Sequencing Therapy for Relapsed mCRC

Video

Gerald Prager, MD, leads the discussion on sequencing strategies for patients with relapsed mCRC, including those not previously treated with anti-EGFR inhibitors.

Tanios S. Bekaii-Saab, MD: Gerald, I’m going to go through the next discussion with you and then Chiara. I know this is the standard in Europe, but what if this patient did not receive an anti-EGFR inhibitor in the first or second line, or at least not in the first line, possibly the second line? We had these data from Japan that were very intriguing, although the study got cut short. We’re trying to produce that in the United States with REVERCE too. Let’s set regulatory instances aside. Would you ever consider the REVERCE strategy?

Gerald Prager, MD: Yeah, the REVERCE strategy is for sure hypothesis generating. Keep in mind that the randomized prospective clinical trials of anti-EGFR antibodies in later lines did fulfill the end point in improving progression-free survival, but never significantly over survival. Keeping this in mind, I would rather go for regorafenib first and then a cetuximab concept, which is also reflected in the REVERCE study. This is a hypothesis. It’s not proven, but regorafenib is somehow immunomodulating. If you start with an anti-EGFR antibody, later after regorafenib, you might have a better effect if you do sequence regorafenib first and then cetuximab in this particular scenario.

Tanios S. Bekaii-Saab, MD: Interesting. I understand that the concept of rechallenge and reintroduction are a bit different. Rechallenge means you failed the chemotherapy and then you try your luck. With reintroduction, you’re bringing it back because it never failed. Do you ever consider the options of rechallenge or reintroduction? Do you do it before you go through regorafenib and TAS-102 [tipiracil], or is this your last line, your Hail Mary?
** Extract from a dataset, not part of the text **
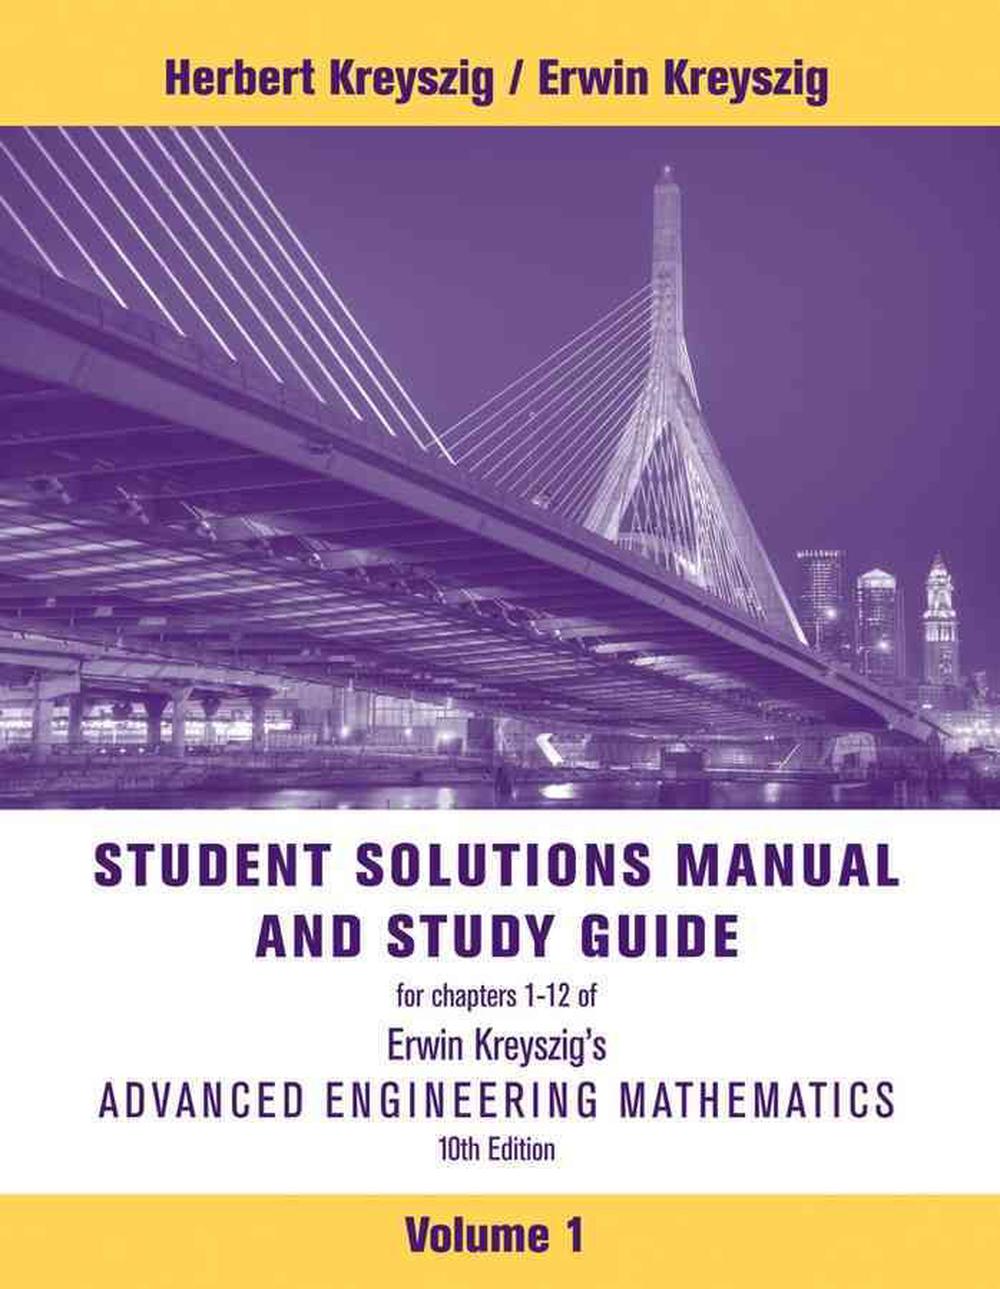 Advanced Engineering Mathematics, Student Solutions Manual by Erwin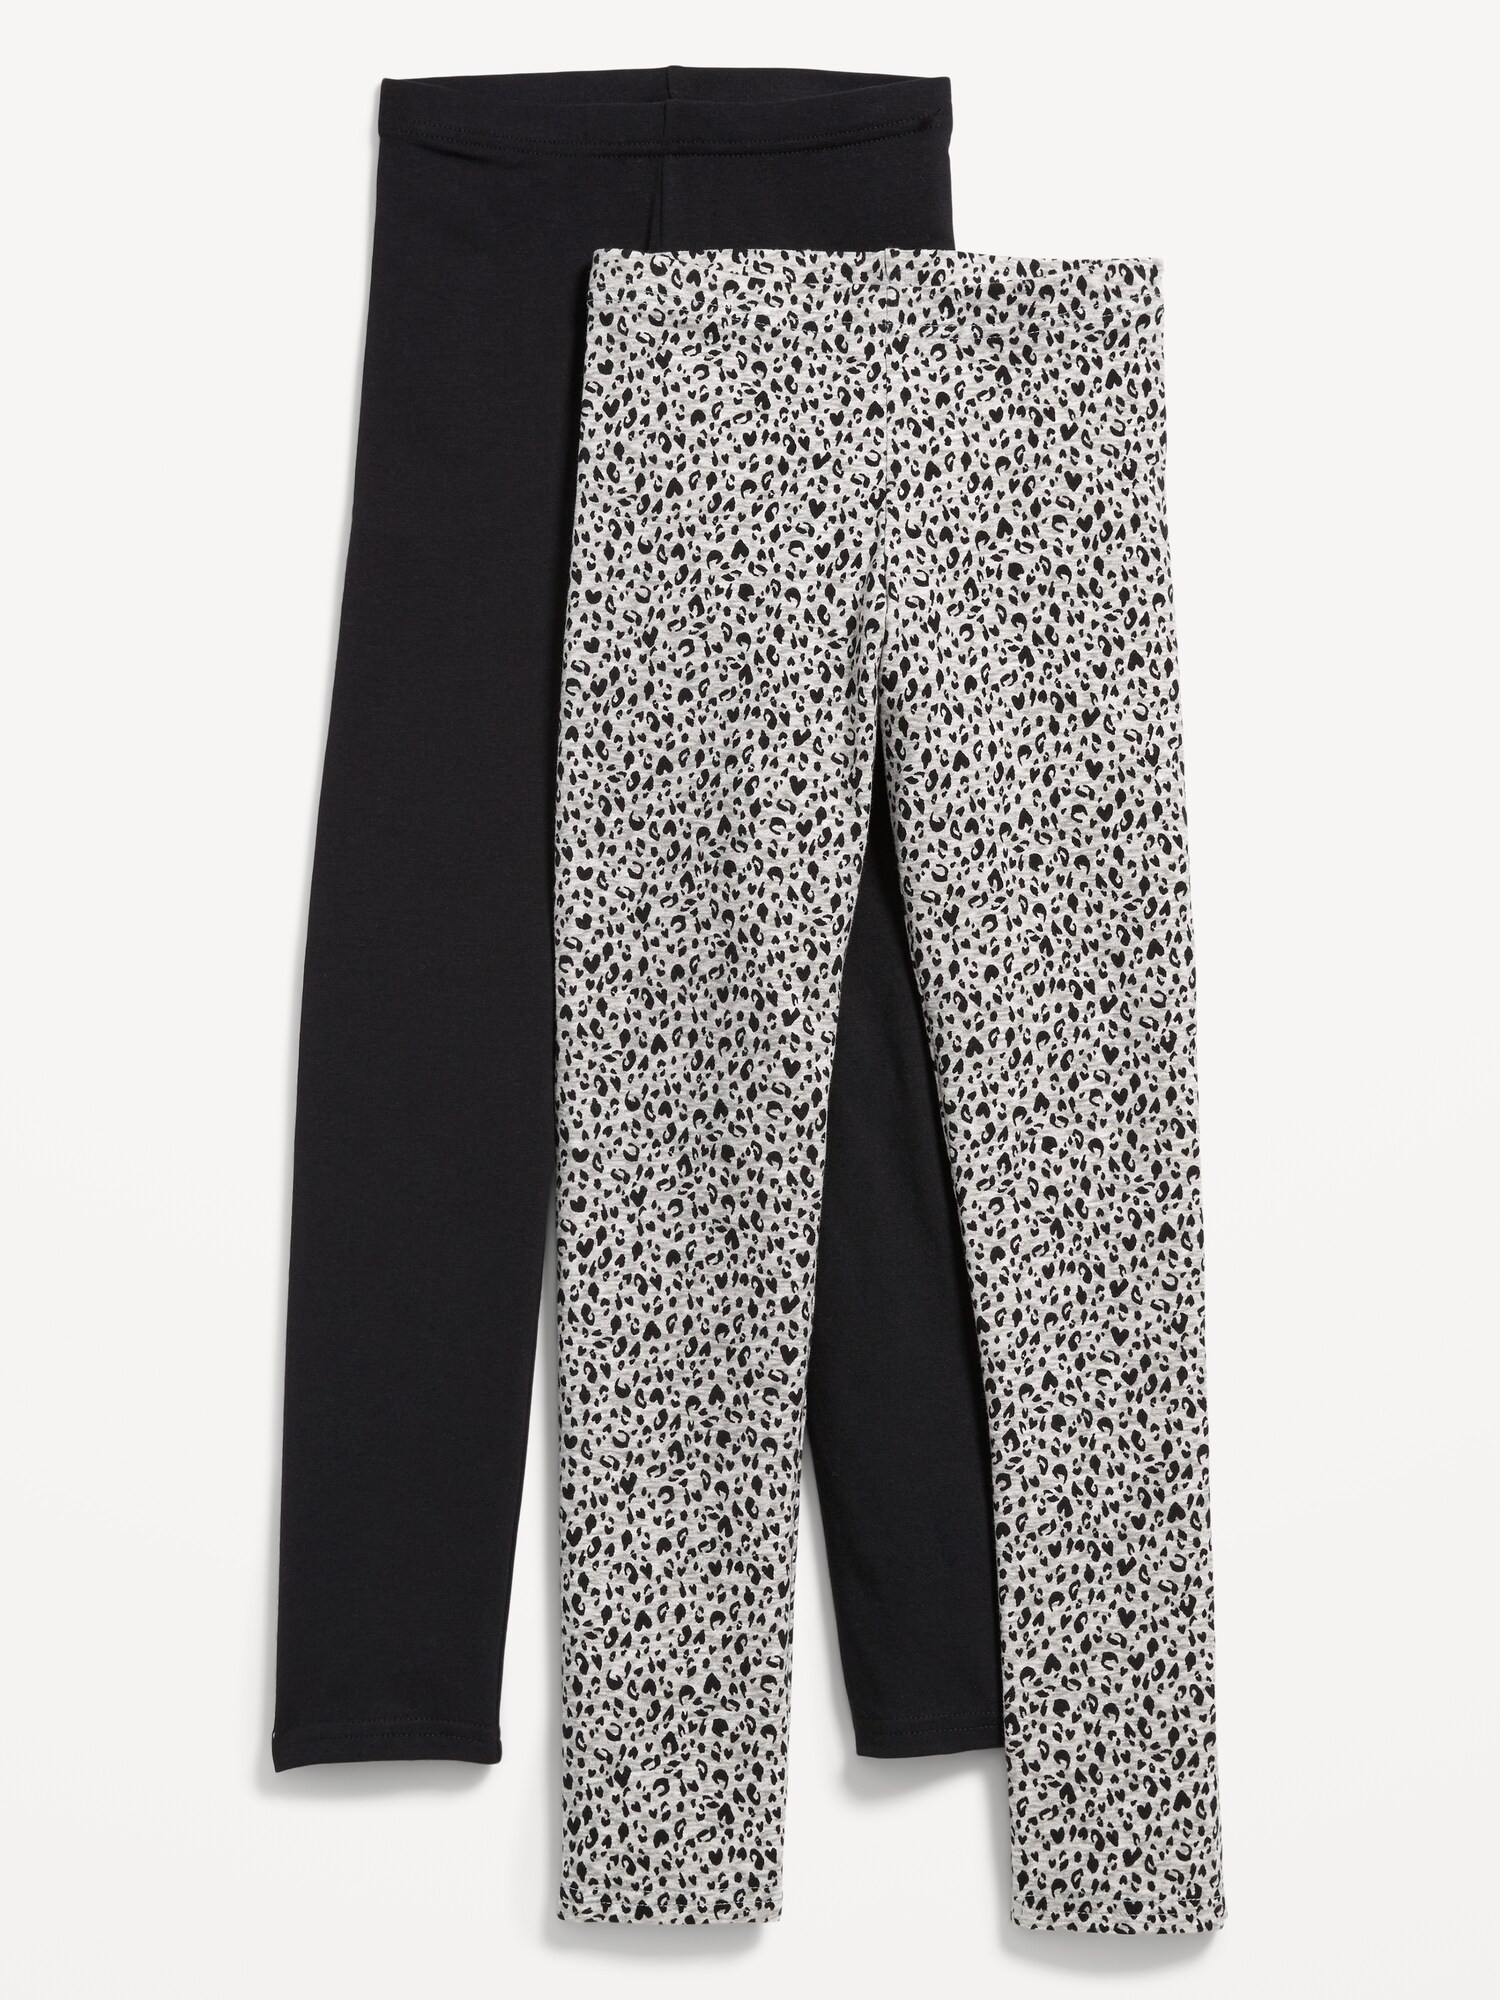 Old Navy Leopard Print Gray Leggings Size M (Tall) - 33% off

Chiara Cremolini, MD, PhD: In general, I don’t do much chemotherapy rechallenge. I will say 0%. Chemotherapy reintroduction in the absence of a nontreatment progression—yes, I sometimes go for this option. It mainly happens after regorafenib, or trifluridine-tipiracil, especially for patients who’ve been on treatment with chemotherapy-based regimens for long because the burden of adverse events from a chemotherapy combination in advance lines of therapy is not negligible. This is why I’m not a big fan of this kind of treatment option. Having more free time with a chemotherapy-free interval may be beneficial to let this treatment work again at a later stage. We also know that these advanced-line treatments—trifluridine, tipiracil, and regorafenib—work better if we use them in early lines of treatment. Otherwise, we risk to miss this opportunity if we postpone their use too much. The funnel of the percentage of patients able to receive further lines of therapies is lower and lower in third, fourth,fifth lines of treatment.

Tanios S. Bekaii-Saab, MD: Great. This was a fantastic discussion.